8

ADAM

L ater that day, a text appears on my phone:

So, we’re dating now?

I laugh. I like Anna. We live in very different worlds, and I thought we wouldn’t have a lot in common, but it’s scary how much everything she said last night resonated with me. And who wouldn’t be flattered? She’s clearly amazing.

Apparently.

Is all this okay? Some guys don’t like the scrutiny.

Some guys, huh? Interesting .

Something about being confronted with Anna’s drive and determination last night forced me to do more work on my spreadsheet, despite how late I got back. Once I dove into more of the detail, I could see that things were even worse than I thought. There is no stringing it out: If I can’t make the figures improve, I’ll have to give the business up. Ten years of my life down the drain. My mind keeps shying away from the reality of that, and the sheer effort of pretending everything is fine is making me nauseous. I look down at my phone again and tap out a reply to Anna:

I’ve had a few calls from journalists wanting to interview me about my company, so it’s all positive from my end.

That’s great!

Thanks, Anna. I really appreciate the invite and I had a wonderful night.
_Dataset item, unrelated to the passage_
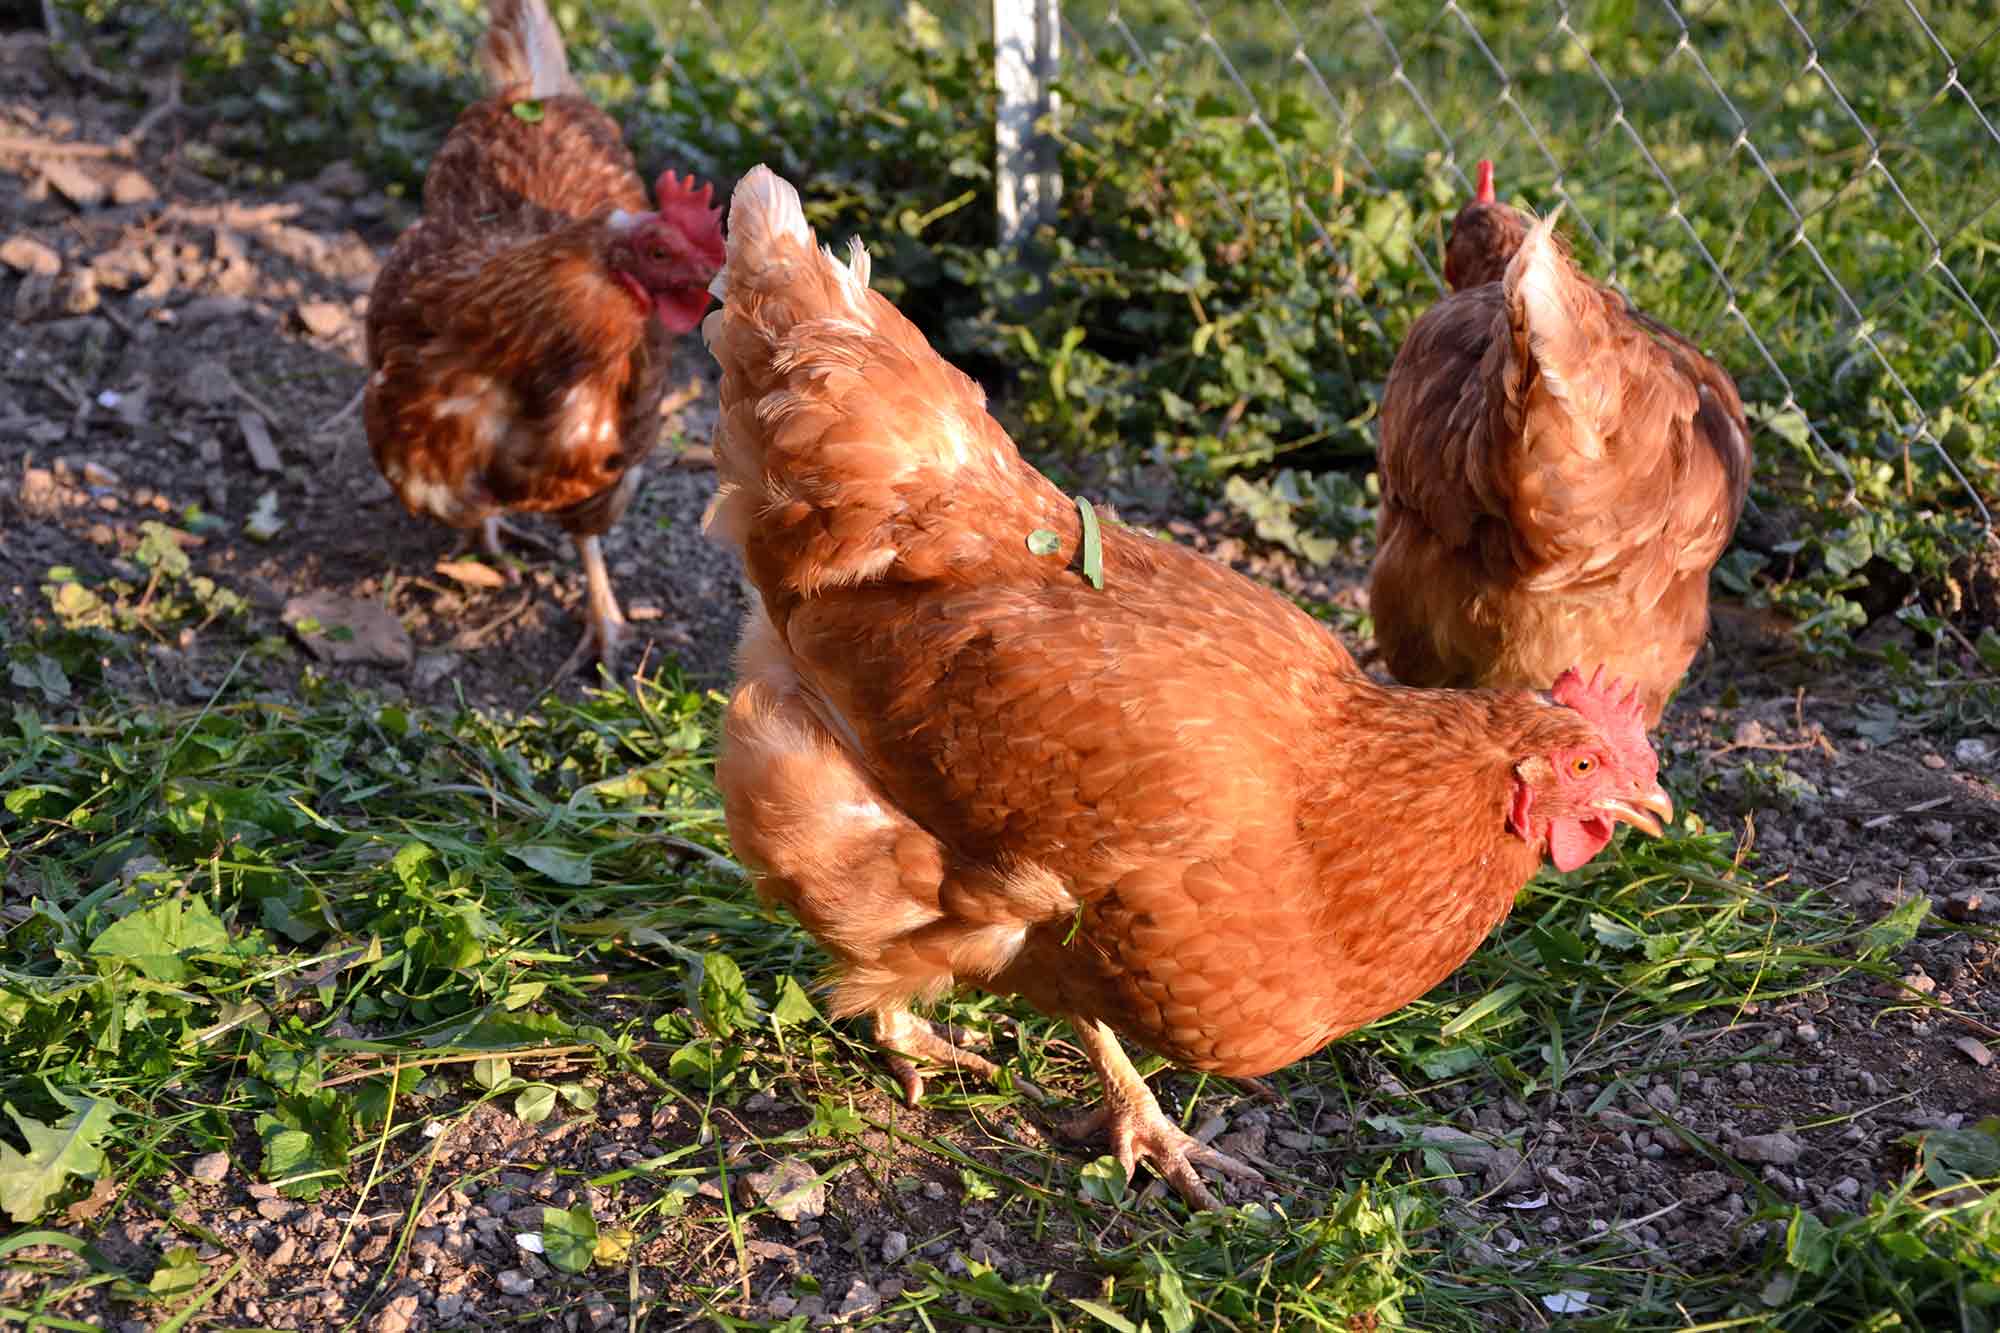 Chicks on the organic mountain farm

A picture drops into the chat, followed by another message:

Thank you for my beautiful flowers.

My pleasure.

I’m happy to go to some more events together if it’s useful for you. It was useful for me, too. Sponsors like the publicity and that’s less pressure for me.

Huh, that’s an amazing offer. The dots are still appearing though, so she’s still typing:

If I’m seen out and about, the speculation about my tennis reduces and there’s fewer questions about my game, if you can believe that. God that sounds terrible.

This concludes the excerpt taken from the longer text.